Читаем Драма советской философии. (Книга — диалог) полностью

А Ильенков спорил, доказывая интерсубъективную реальность идеального, в корне меняющую и даже снимающую (в смысле aufheben) онтологические противоречия так называемой «первичнос — ти — вторичности» сознания, — доказывая, конечно же, не «разносчикам», а тем, кто, хотя и попал под влияние их научного имиджа, презрев по невезению своему философию как нечто не научное, но в принципе еще способен увлечься и Декартом, и Спинозой, и Фихте, и Гегелем, и Витгенштейном… тем же Выготским например, прочитав их и прочитанное сам обдумав. Ему это удавалось: его слово затягивало многих в мир философской классики, старой и современной. После, нередко, они и с ним спорили, и убеждали его… Можете поверить мне: Ильенков очень даже умел слушать чужую философскую речь и, обдумывая, принимать серьезные и толковые возражения.

Снова вспоминаю, как в последнюю свою осень он, усадив меня, как всегда в свое рабочее кресло, сам примостившись на его подлокотник (в подобных случаях — обычная его позиция, что и подтвердят многие), заставил читать написанные летом фрагменты рукописи будущей книги, а — на закуску — последние, свежие, утренние листки… Это были ^отредактированные еще главы книги о диалектике Ленина и метафизике современных наследников махизма. Я читал, он бежал глазами по следу моего взгляда28… Но вот, отложив рукопись, я стал упрекать его за чрезмерную резкость выражений («в умении ругаться ты самого Ильича перещеголял…»), за одностороннее, как мне показалось, истолкование фантастических повестей А.А.Богданова (Малиновского).

Последнее он категорически отверг: «Разве ты не видишь, что расчет Богданова на надсоциальную, надобщественную суть технократического управления обществом от имени науки — опасная антиутопия, но именно она у нас воплотилась в жизнь, прикрывая, как и положено, неограниченную власть того класса или слоя партбюрократии, который себя огосударствил в качестве тотального собственника и субъекта власти! Его частным интересами подчинено все в нашей жизни и лишь в воображении объединено мифом власти народной.

В действительности — это власть отнюдь не народа (что уже и само по себе — круглый квадрат), но и не технократов, хотя вся машина государства — уродливое воплощение именно их мечты о разумной машине, об искусственном интеллекте, мудро управляющим всем хозяйством и всеми нами в качестве еще одного безликого вождя!

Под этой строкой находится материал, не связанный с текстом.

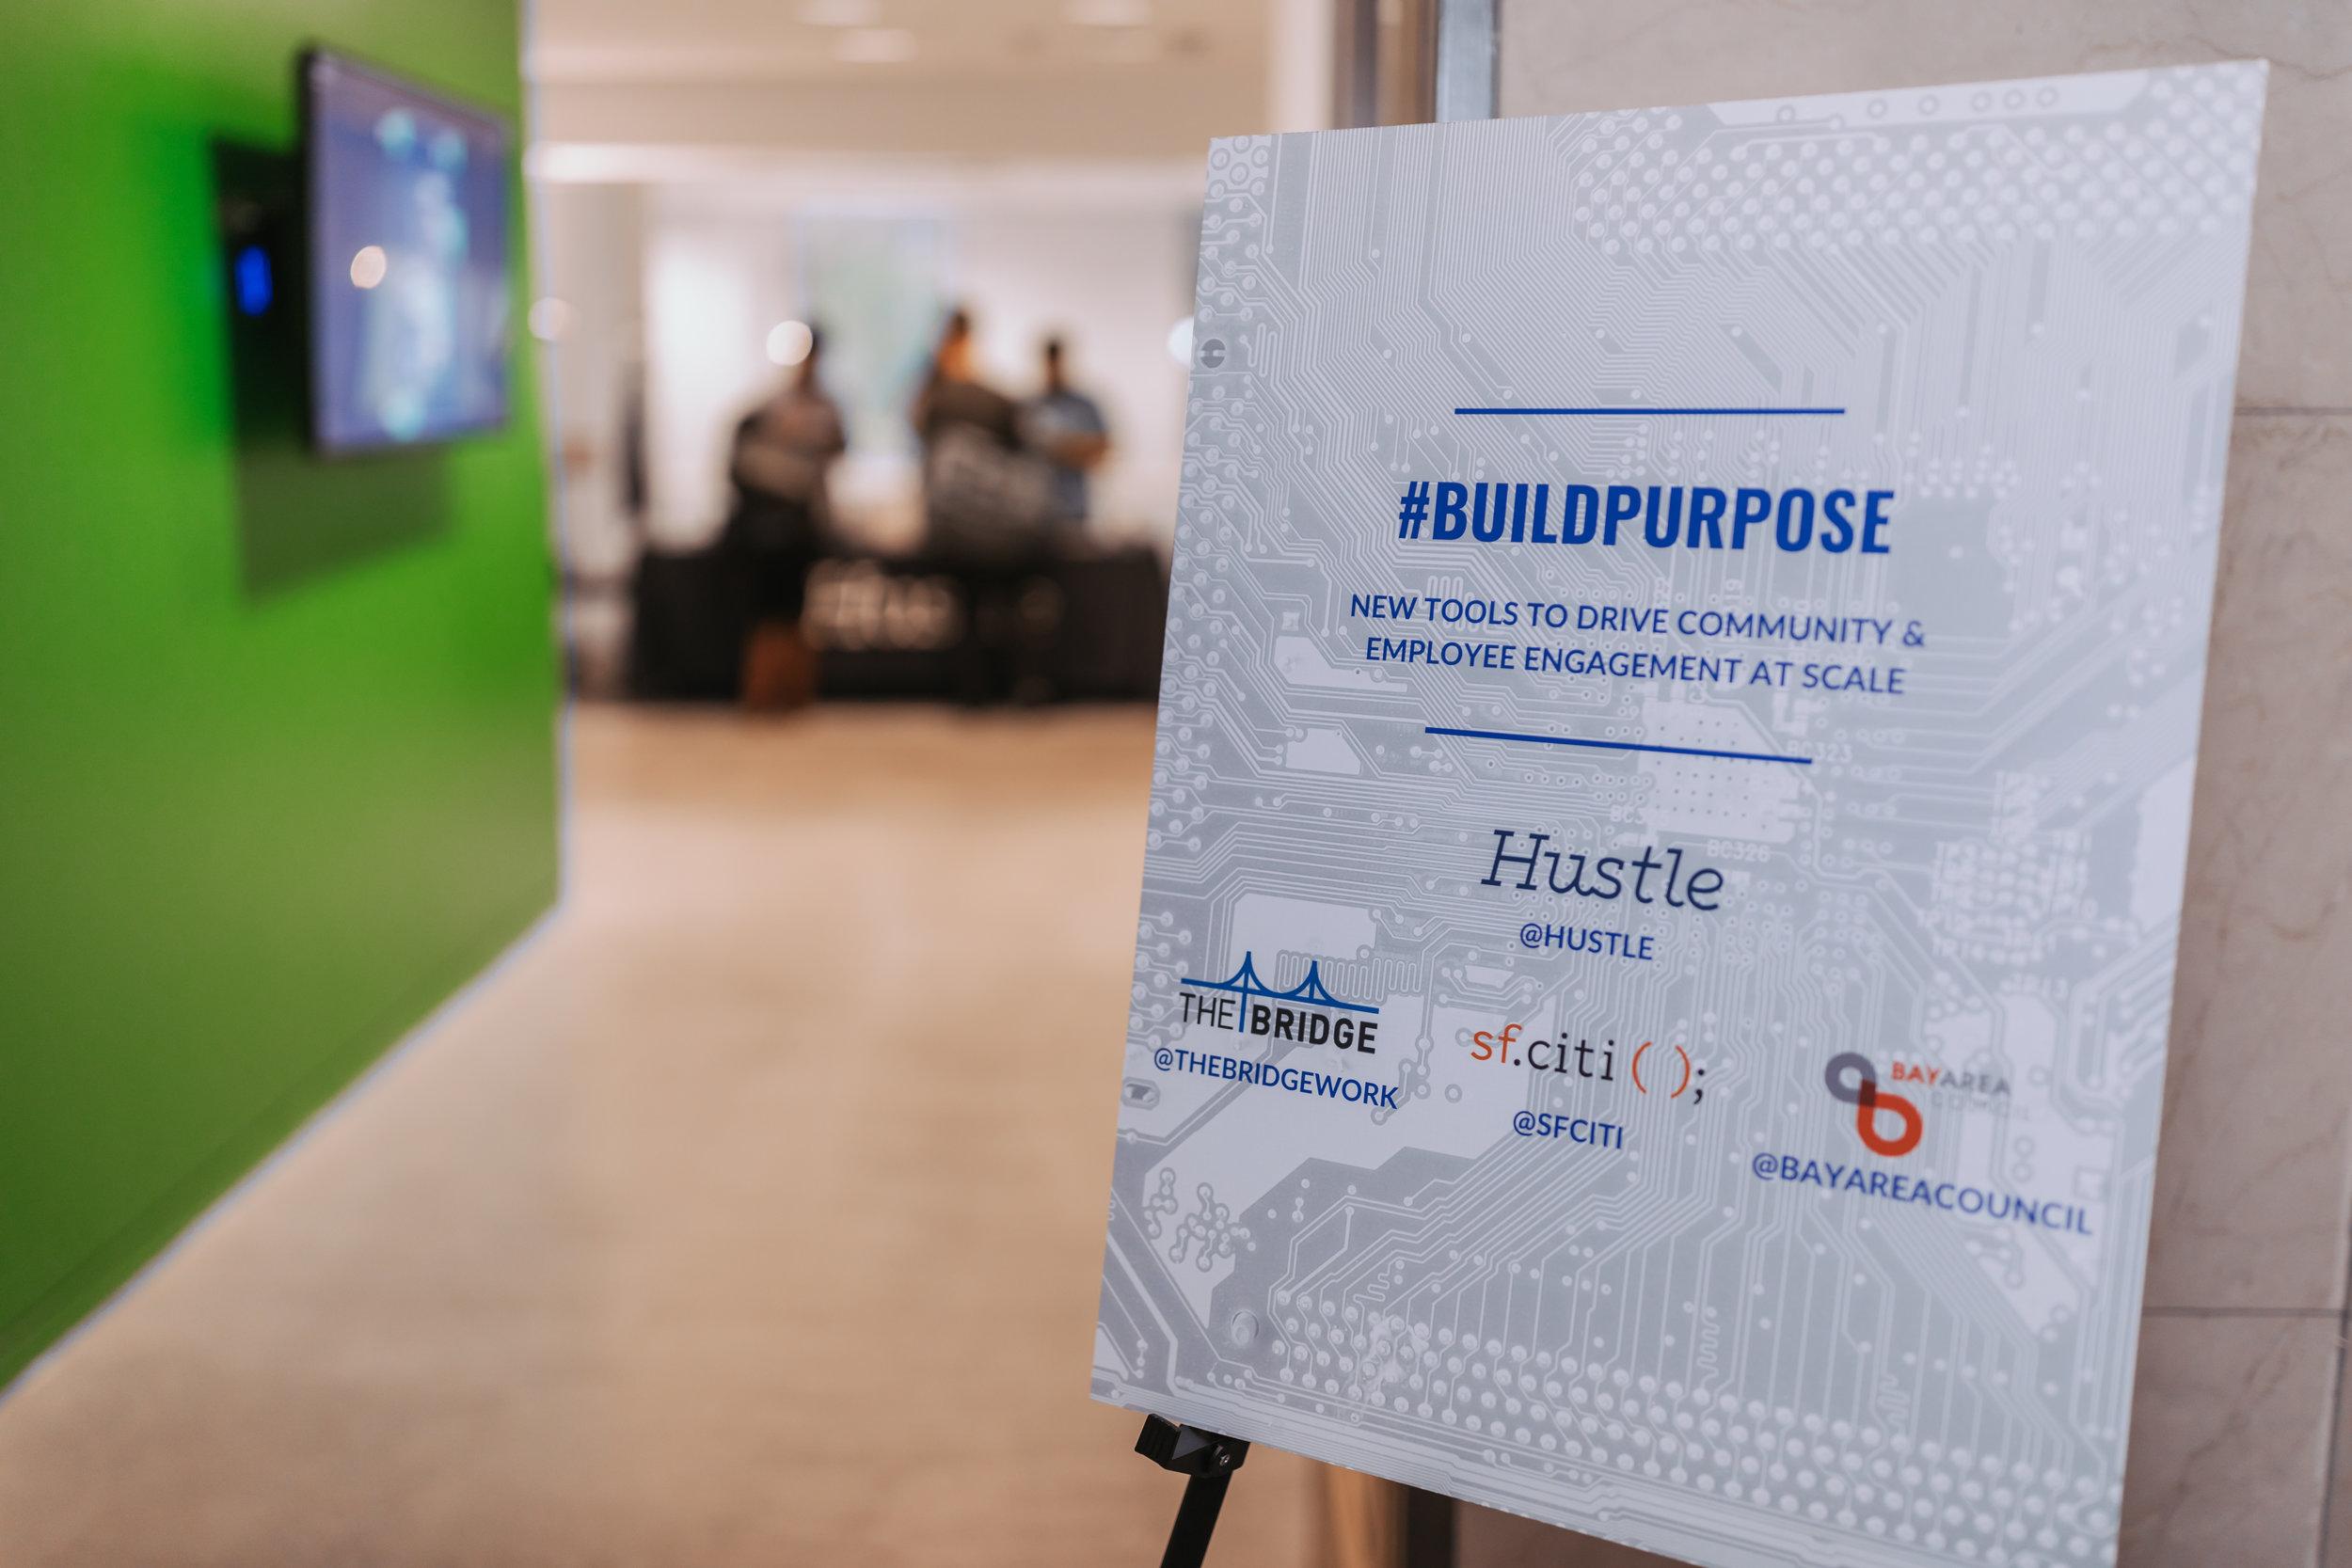 poster2018-08-16_ROEDER_Hustle-BuildingCompaniesWithPurpose_CARD2_0006.jpg

Романы Богданова — «Красная звезда» и «Инженер Менни», — утопия, осуществленная нами и у нас в стране. Утопия, способная еще лет сто поддерживать деспотизм и произвол субъектов власти государства — собственника и освящать сие мифом научно обоснованных, но ни разу не выполненных пятилетних планов и прочих «проектов века», всеми их клятвами о том, что нынешнее поколение будет жить при коммунизме — нами же, кандидатами и докторами «научной идеологии», тут же «научно» подтвержденными, всем лживым и пустым, а потому и наиболее громко звучащим пафосом всенародного единства в строительстве коммунизма!«29

Ну вот. Получилось еще одно, зато «самое последнее», личное воспоминание. Для цели моей, возможно, и не лишнее, но прямое ее обсуждение опять отодвинувшее. Только ведь о друзьях, ушедших от нас навсегда, вспоминается хорошее и только хорошее. Тем более мне об Эвальде хорошего хочется сказать как можно больше и как можно подробнее…

Но и при его жизни, и после — всякое говорили, да и сегодня говорят. Например, что он не был храбрым, что просто панически боялся репрессий, что поэтому не всегда писал то, что думал… И что именно поэтому лепил из нефилософа Ленина великого диалектика… Страх, несомненно, был и у него. И при его обостренной впечатлительности, видимо, не малый. Но не тот храбр, кто ничего не боится, а тот, кто и боясь, делает и говорит лишь то, что подсказывает ему совесть. Так вот это о нем на научном семинаре Института философии, посвященном его памяти (такие семинары до сего февраля в день его рождения проводились у нас ежегодно), один из старейших сотрудников института воскликнул: «Говорят иные, что Эвальд не был храбр. Только вот что получается: сколько я себя здесь помню, с этой трибуны в самые трудные времена только Эвальд говорил всегда то, что думал, да и писал он всегда лишь то, что думал, чем бы это ему ни грозило».